- [What you should do]:
Return the data exactly, with all pictures removed.

- [Collected data]:
*** Block opens ***

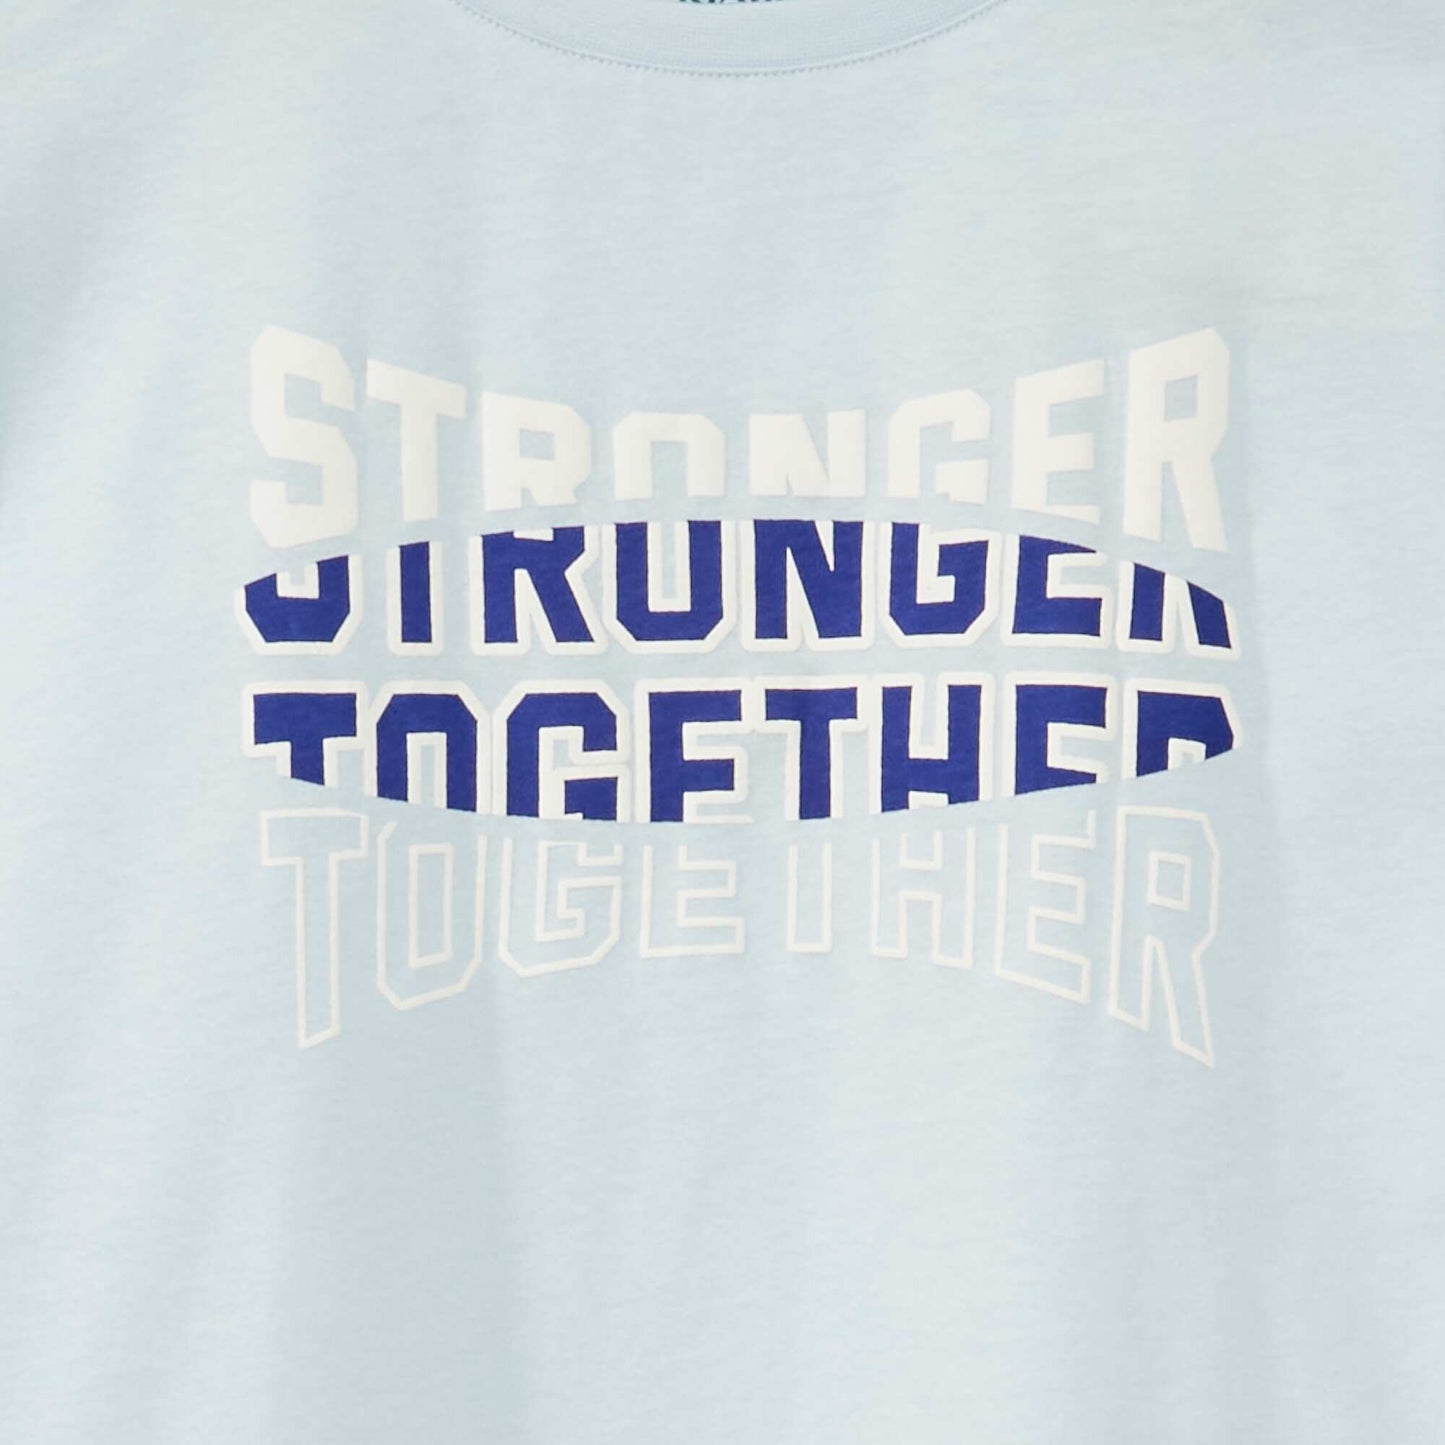 T-shirt with message BLUE
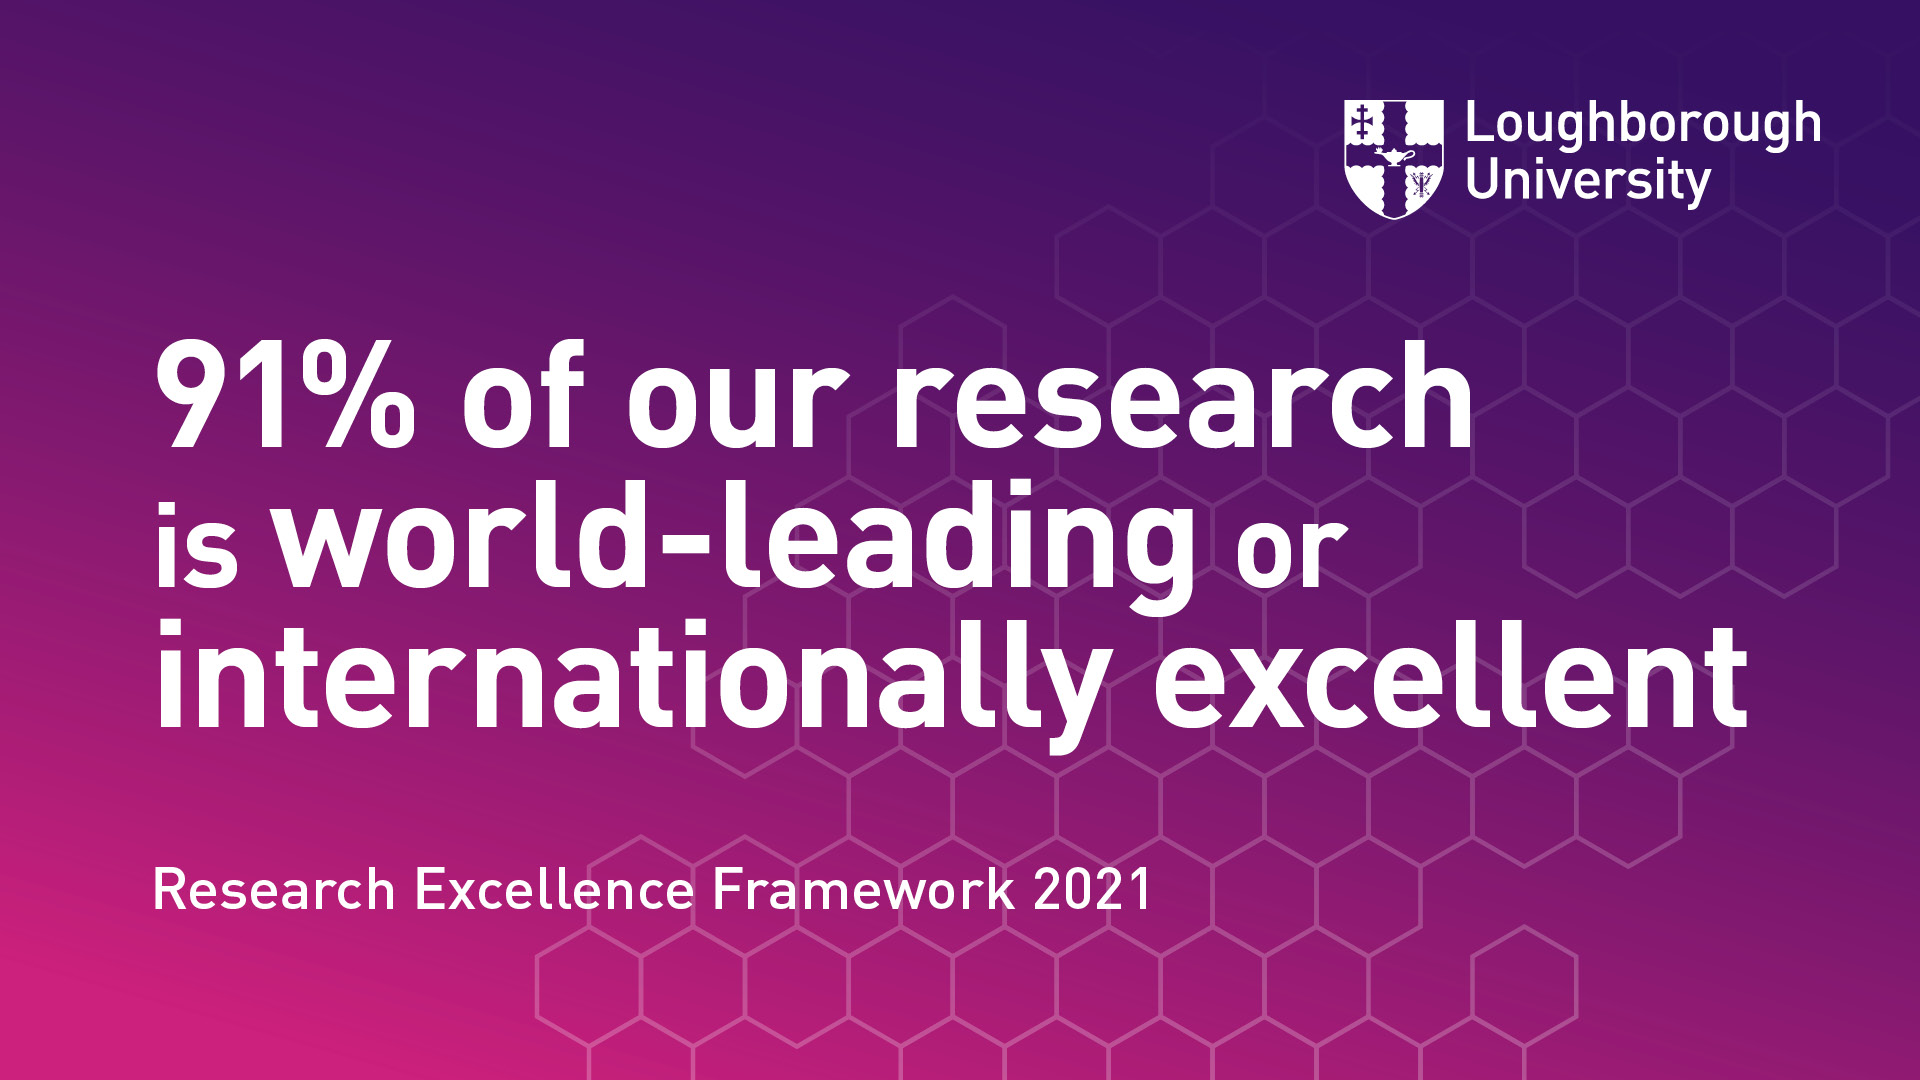 91% of our research is world-leading or internationally excellent. Research Excellence Framework 2021.
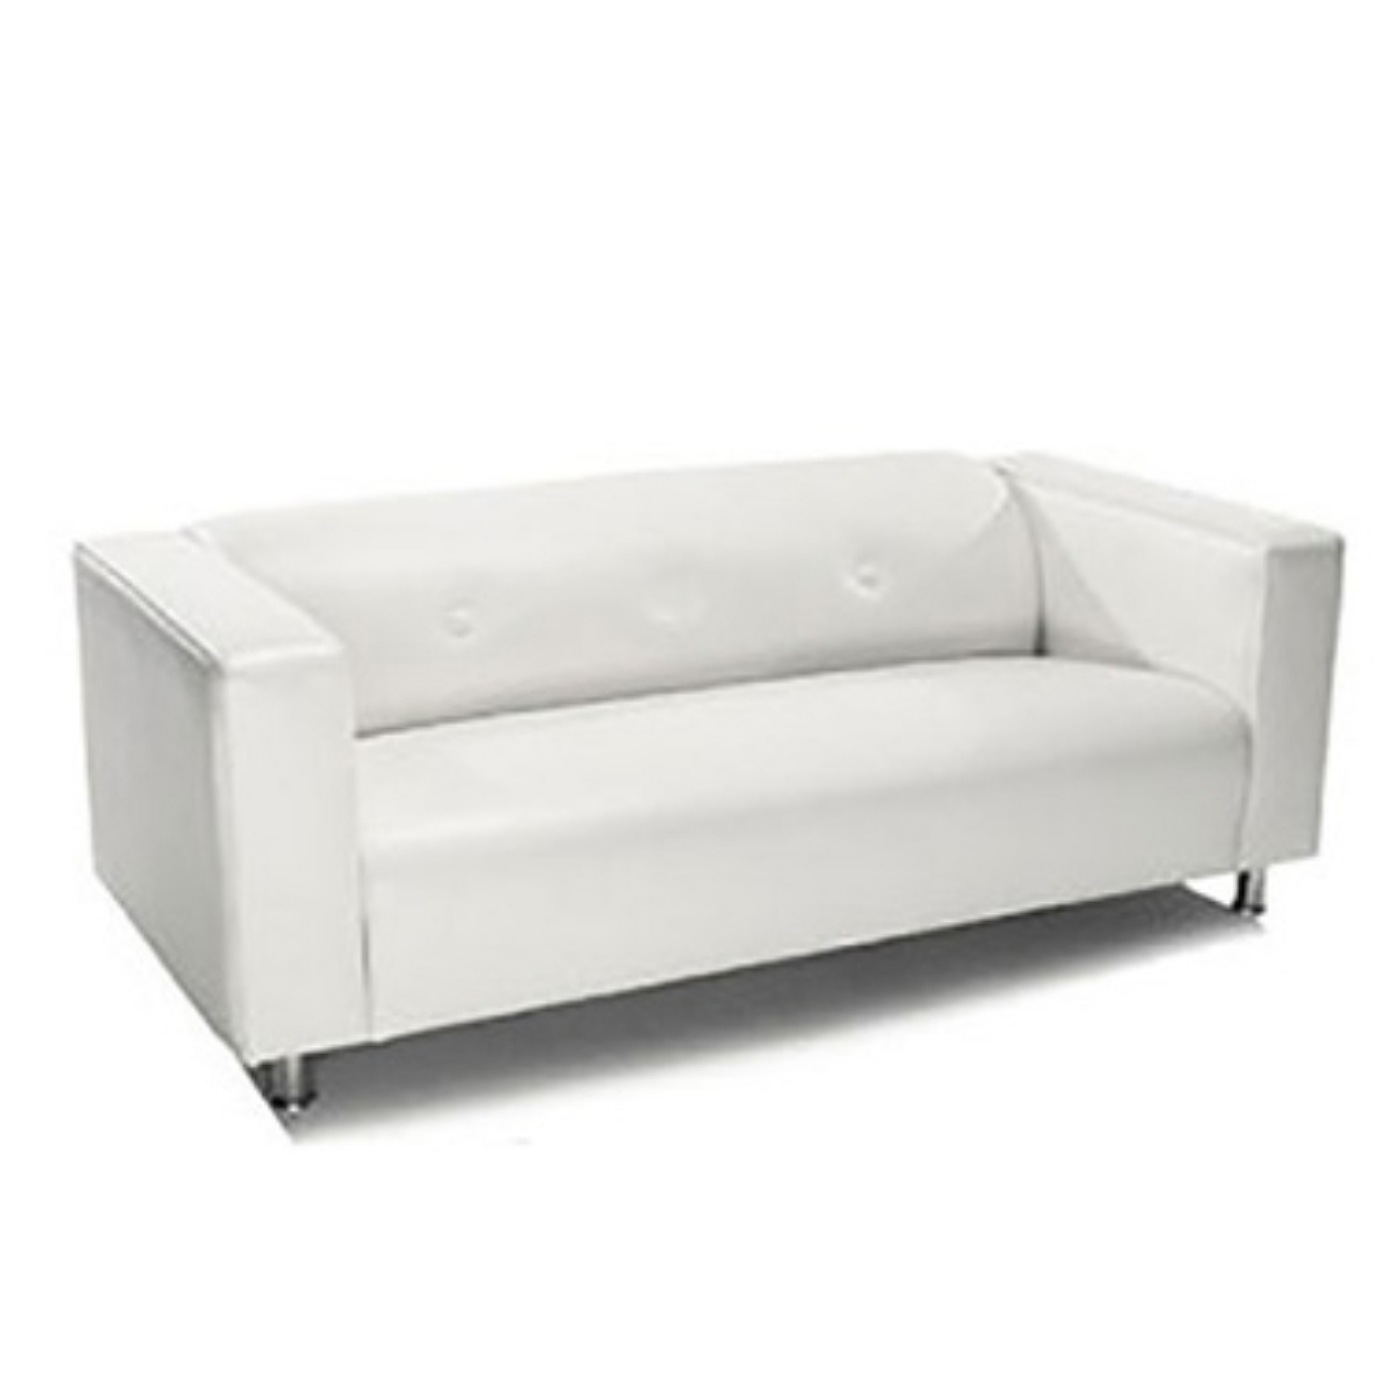 White Leather Double Seat Couch With Silver Legs For Hire.

*** Block closes ***

- [Solution to this exercise]:
 T-shirt with message BLUE
 91% of our research is world-leading or internationally excellent. Research Excellence Framework 2021.
 White Leather Double Seat Couch With Silver Legs For Hire.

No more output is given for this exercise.